Trailnet Champion: Stephan Tomlinson
Each month we feature a member or members of our community that work to push Trailnet’s vision of Streets for All. We’re thrilled to feature Stephan Tomlinson as our first champion of 2026!

Sometimes, change doesn’t start with a policy paper, a formal campaign, or a big organization. Sometimes, it starts with one neighbor who simply refuses to accept that something unsafe has to stay that way.
This month’s Trailnet Champion, Stephan Tomlinson, is a powerful reminder of what’s possible when one person decides to act — and invites others to act with them.
Stephan didn’t set out to lead a movement. He moved into his Creve Coeur neighborhood with his family and noticed something that didn’t sit right: Fernview Drive, a busy neighborhood street with no sidewalks. As a parent, the safety implications were immediate and personal. For Stephan, this wasn’t abstract planning policy; it was daily life.
“I really just envisioned a neighborhood where I could safely walk out of my front door with my five-year-old,” he said.
When he spoke to Trailnet about these issues, he talked about carrying his daughter until they reached safer streets, about traffic speeds on his road, and about the constant anxiety of walking just a few feet from moving cars. The issue wasn’t aesthetics. It was safety, dignity, access, and quality of life.
That concern turned into action.
When the proposed sidewalk project on Fernview Drive stalled in the City Council, Stephan didn’t assume someone else would fix it. He showed up, and started talking to neighbors. He reached out to Trailnet for guidance, and found the support practical and accessible. He ended up speaking with Cindy Mense, CEO of Trailnet.
“Cindy had great advice. I think what she helped me really think about was sort of expanding beyond some of the people I typically would have reached out to and think about who could tell different stories about why safe streets were so important to our neighborhood.”

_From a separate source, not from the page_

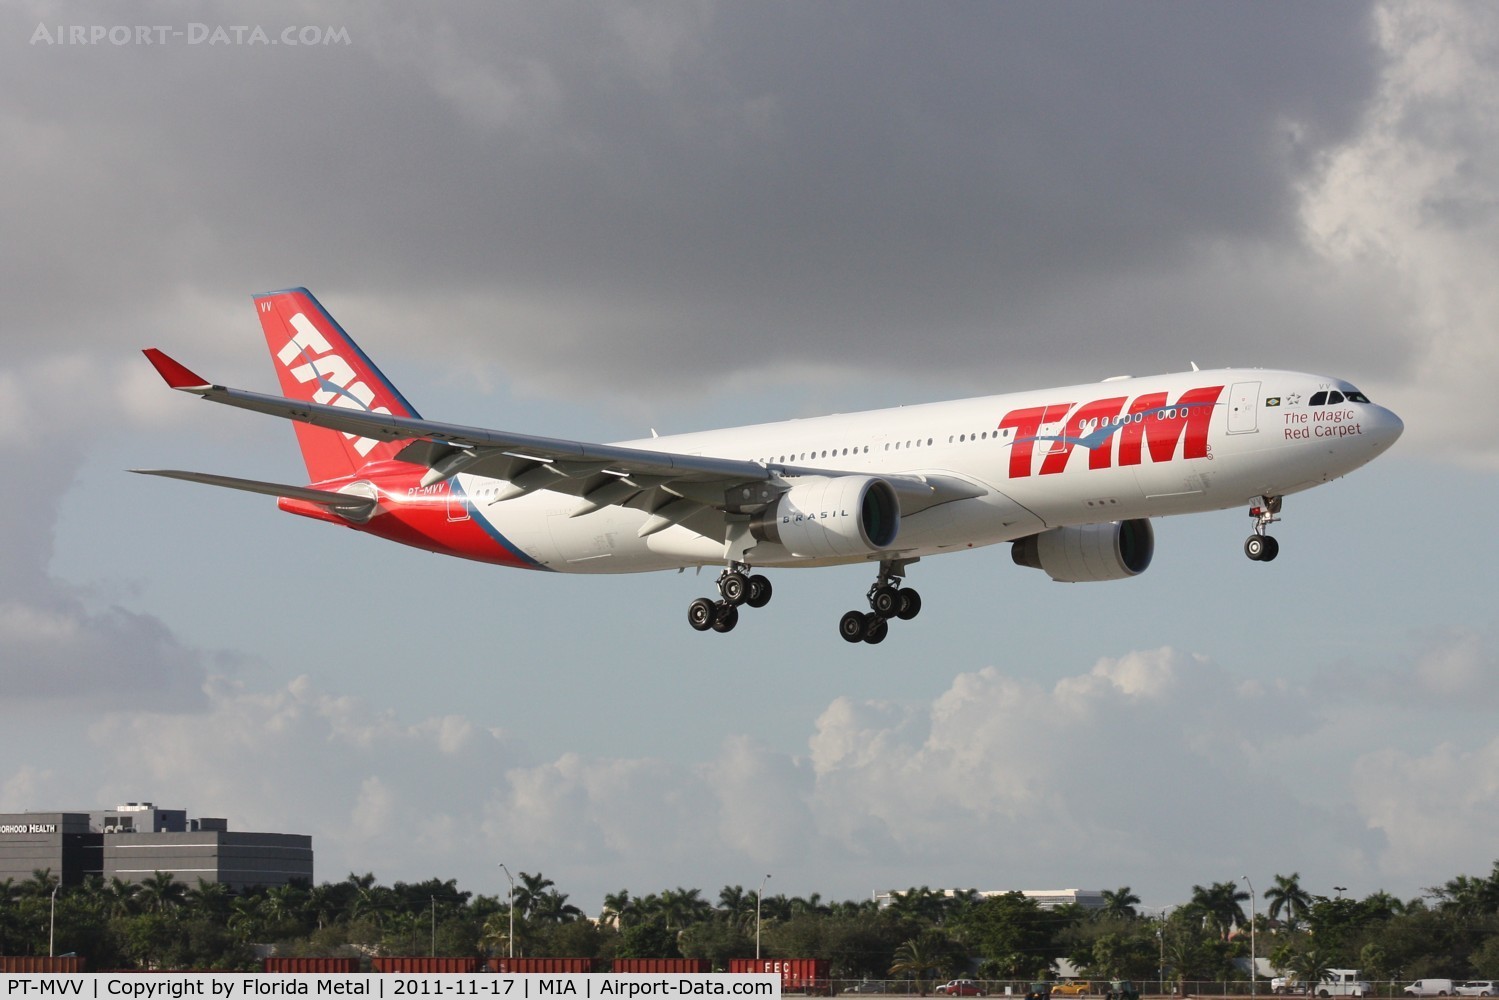 PT-MVV, 2011 Airbus A330-223 C/N 1221, Brand new 2011 built TAM A330 doing a low approach for Runway 9
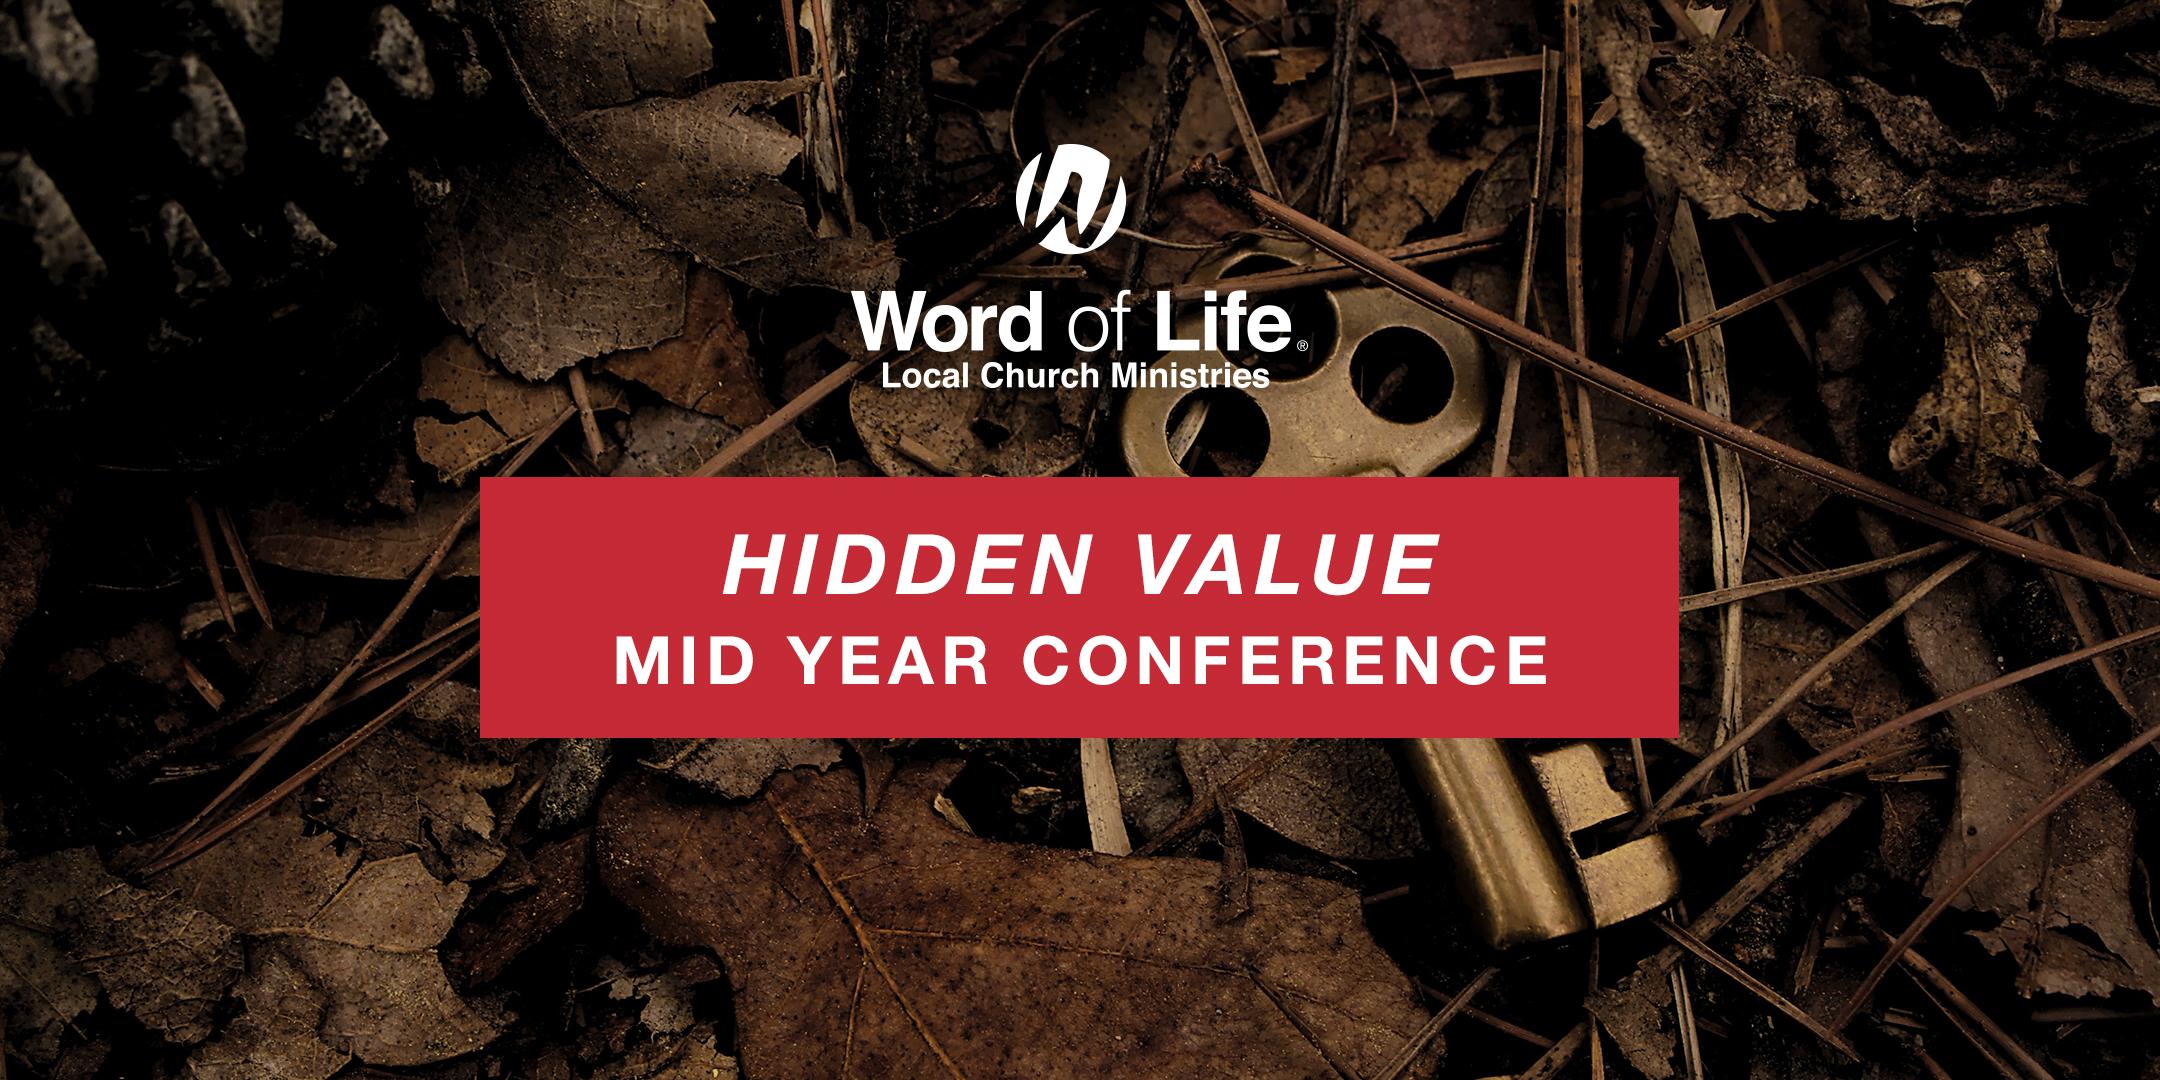 Hidden Value: Mid year conference

He started small with conversations at school bus stops, texts between parents, and knocking on doors. He gathered signatures. He invited people to hearings. He helped neighbors understand that showing up mattered.
And in one of the most human, not to mention memorable moments of organizing, Stephan took advocacy door‑to‑door on Halloween.
Dressed as Gandalf while trick‑or‑treating with his kids, he talked to neighbors about the sidewalk project.
“So I’m walking around on Halloween dressed like Gandalf, and I just started asking people, ‘are you aware of the proposed sidewalk project, and what do you think?’”
He listened, shared information, and invited people to participate. And people responded. He kept at it, even talking to people from his car, giving a shout to folks walking in a part of the neighborhood that didn’t have sidewalks. He’d then pull over and chat with pedestrians about the project, and many signed a letter of support.
What started with a few conversations quickly became something bigger.
Stephan didn’t try to be the face of the effort; he created space for others to bring their own stories forward. Parents. Seniors. People with disabilities. Pet owners. Transit riders. Students. Neighbors who had lived on the street for decades.
“There were so many more people in the community that came out… and they had angles on how safe streets affected them that were not necessarily part of my experience.”
People showed up at a hearing in late November, and shared why sidewalks mattered to their lives.
“People came out and talked about family members with mobility issues, sight issues… there were pet owners, concerned about the safety of their animals, and parents worried about their children waiting at the bus stop early in the morning in the dark on a street with no sidewalk.”
This is what Streets for All looks like in real life: not a slogan, not a campaign line, but neighbors recognizing that different people have different needs, and that safe infrastructure serves everyone. Stephan reflected on what was going through his mind at the November meeting as people were speaking:
“There were people saying, ‘I can’t take a walk in my own neighborhood because I don’t have anywhere to go and I’m stuck in my house,’ and that hit me. That then pushed it into another level of quality — what community is about, our responsibility to each other, and who we’re planning communities for. If you’re concerned about these sidewalks and you’re never going to use them, that’s fine. You don’t have to. But if your neighbor literally can’t get exercise because there’s nowhere for them to go, or they don’t have a car…people have different needs. The sidewalks help support them in a lot of different ways, whether it’s making it safer for them to get to the bus stop, whether it’s folks who you know have mobility or other challenges getting around, or parents who want their kids to be safe. There’s just a lot of different planning goals that I think that will be met when it finally gets installed.”
When the project finally received approval, it wasn’t because of one voice — it was because one voice helped unlock many.
And that’s why Stephan is our Trailnet Champion of the Month.
He saw a problem, reached out for support, organized with care, and showed his community what collective action looks like.
This is the power of one person — not acting alone, but gathering people, building relationships, and moving the needle together.
Stephan’s story is a reminder that Streets for All isn’t just Trailnet’s mission; it’s something communities build themselves, one conversation at a time, one neighbor at a time, one brave act of involvement at a time.
Sometimes, all it takes to change a street is someone willing to knock on a door — or ring a doorbell in a Gandalf costume — and start the conversation.